Inspirados en las protestas de la primavera árabe, los suníes iraquíes se manifestaron durante 2013 para pedir el fin de las detenciones arbitrarias, la anulación de las leyes antiterroristas y la puesta en libertad de sus correligionarios víctimas de esas normas que, según ellos, les afectan de forma desproporcionada. Tras acusarlos de actuar por cuenta de intereses extranjeros, Al Maliki hizo algunos gestos, sin emprender verdaderas reformas. La situación se agravó cuando en abril las fuerzas de seguridad asaltaron una acampada de protesta en Hawija, desatando una oleada de violencia que dejó dos centenares de muertos. En diciembre, su incursión contra la acampada de Ramadi, la capital de Al Anbar, terminó con los insurgentes suníes haciéndose fuertes en varios barrios y en la vecina Faluya. Desde entonces, el Gobierno ha sido incapaz de recuperar ambas ciudades y ahora afronta una insurgencia mucho más amplia que se extiende a casi un tercio del país.
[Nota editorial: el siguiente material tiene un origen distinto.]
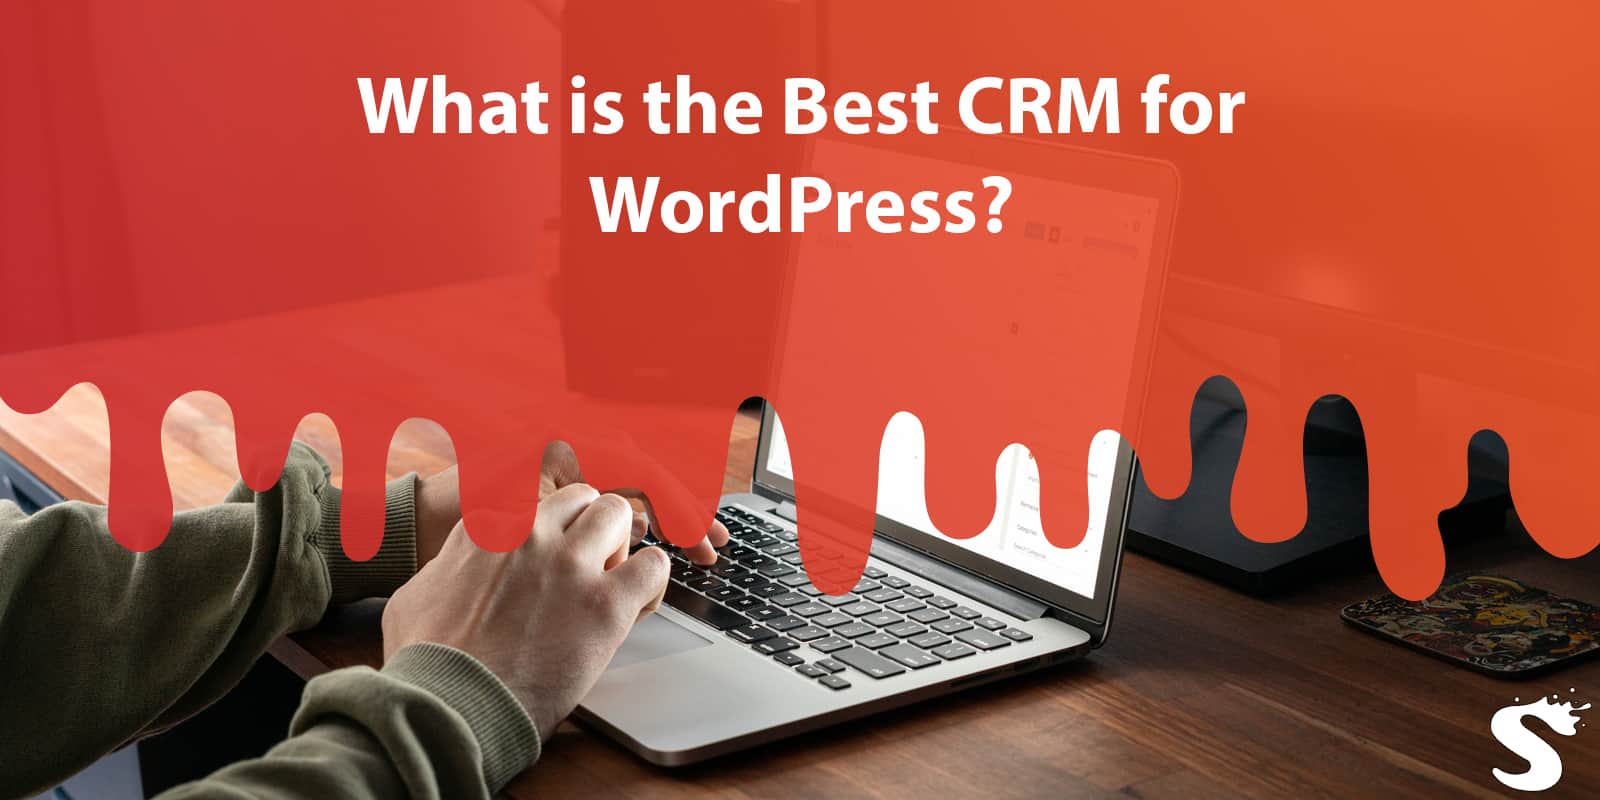 What is the Best CRM for WordPress?

"Igual que hace 14 siglos, se trata de una lucha por el poder político", dice el escritor Ahmed Saadawi
Desde la revolución iraní de 1979, los Al Saud perciben como una amenaza el modelo de “gobierno islámico” instaurado por Jomeini, no tanto por el deseo de éste de exportar su proyecto, cuanto por el riesgo de que las ideas revolucionarias calaran entre la minoría chií del reino y del resto de la región. De ahí que, ante el cambio de tornas en Bagdad, la monarquía saudí se alineara con los extremistas suníes que llevaron al país al borde de la guerra civil, un peligro que se repite ahora. Prueba del peso que puede tener esa influencia, el secretario de Estado norteamericano, John Kerry, concluyó su viaje por la zona con una visita al rey Abdalá en Yeddah.
Para Saadawi, todos esos elementos no restan responsabilidad a los dirigentes políticos iraquíes. El escritor asegura que los líderes de las tres comunidades siguen actuando con la mentalidad de tiempos de la dictadura y se aprovechan del enfrentamiento. Reconoce que la identidad iraquí “es débil” y el Estado es demasiado frágil para fomentarla. Aun así, no pierde la esperanza.
“Irak no es un país único. En España pudieron superar sus diferencias. ¿Por qué nosotros no habríamos de hacerlo? Tenemos que impulsar el contacto con el otro. Somos iraquíes, seamos chiíes o suníes. Otras sociedades lo han logrado. No es un sueño”, concluye Saadawi expresando un deseo que comparten muchos iraquíes. Con excepción de los kurdos, que han aprovechado el vacío de poder para extender sus fronteras hasta los límites de sus reclamaciones históricas y han dejado claro que los cambios no tienen marcha atrás.